As I slammed the door behind me, hoping it might wake Steve and stir him to shower and join me later, I went out the front gate and headed for the farm at the top of the hill. The snow was fresh, not a footprint in sight. Flurries were falling in big chunks as thick as cotton balls and I stood for a moment in the road with my head tilted back and my mouth wide open, letting snowflakes melt on my tongue. Heaven. This is heaven.
I only came across one family as I hiked upwards. They promised me that by the time I returned, they’d have a whole snowman built and it would be the best in the village. I wished them luck and promised I’d come back the same way so that I could witness their greatness in snow sculpture form.
The roads, the buffalo fields and the lanes were all deserted. I was completely alone and all I could hear was the occasional bird and the heavy snow falling all around me. I felt free, truly free. Free from every worry in the world that sits heavily now on all of our shoulders. Free from the constant thoughts of missing my family and friends. Free from any thought of big decisions that face me ahead. There was just me, the crunch of the snow under my boots and the endless heavy flurries all around me. This was a peace I haven’t felt since before 2020.
I walked and walked for about 10 kilometres. Finally the cold had seeped through my jeans (what an amateur winter dresser I am) and it was time to return home. Had I worn a snowsuit, I’m pretty certain I would have simply lay in the field and let the snow build up around me as I admired the endless wintry landscape.

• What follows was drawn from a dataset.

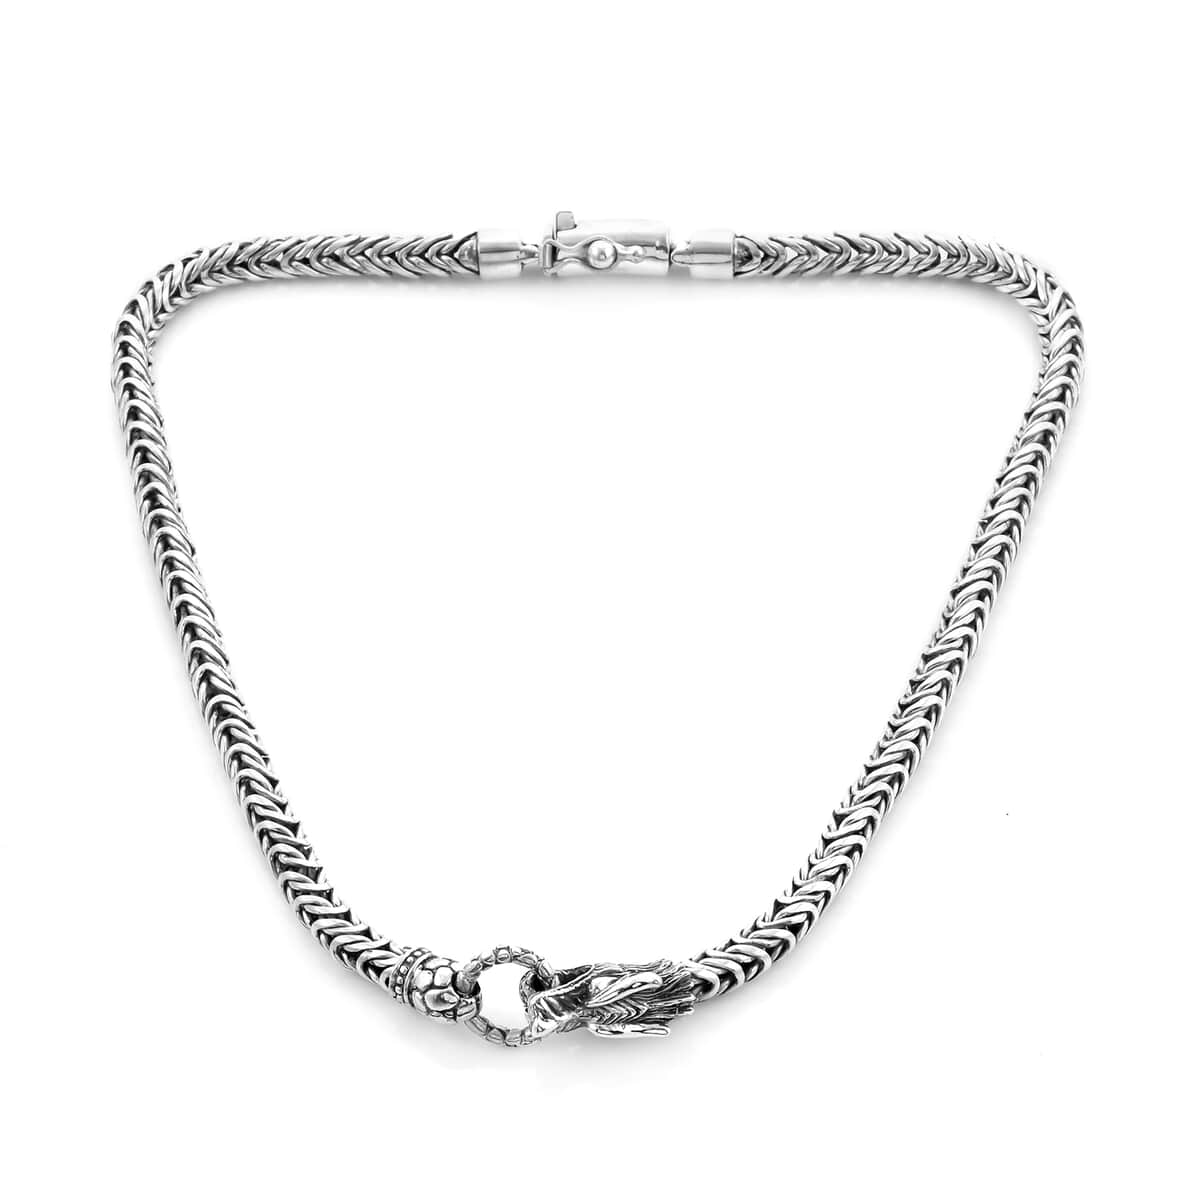 BALI LEGACY Sterling Silver Tulang Naga Necklace 18 Inches 85.90 Grams image number 0

On the way home, I passed two hills, quickly filling with families eager to try their hand at sledging in the shallow snow. It was proving to be difficult as, by 9:30am, the snow was already starting to melt. But it was wonderful to witness a life that momentarily appeared to be normal.
Once home, I kicked off the boots and the wet clothes, rushed upstairs to put on fresh threads and told Steve I was making us coffee, attempting to coax him out. Warm drinks in hand, we made our way through the village and over to the fire station, where we ran into our friends and their two sons, both half way down a steep driveway on their sleds. We all walked, socially distanced up the hill, and then one of the boys launched a full on snowball attack on Steve. An hour later, we were all exhausted. One well aimed snowball turned into a full on snow-war. We laughed, we got soaked, we slid and, in the end, our 40-year-old bodies ached from it all.
I’m home now, feet in big chunky cashmere socks and defrosting in front of the fire. I made chocolate chip cookies, which Steve is delivering to our friends’ doorstep this evening, and I’m planning on putting on some trash television as I answer this week’s Q&A. But, as I sit here and write, I am so so grateful for the day that was just had. If nothing else, this past year has brought about so much appreciation for the littlest things. Who knew a few inches of snow could be a full on soul cleanser?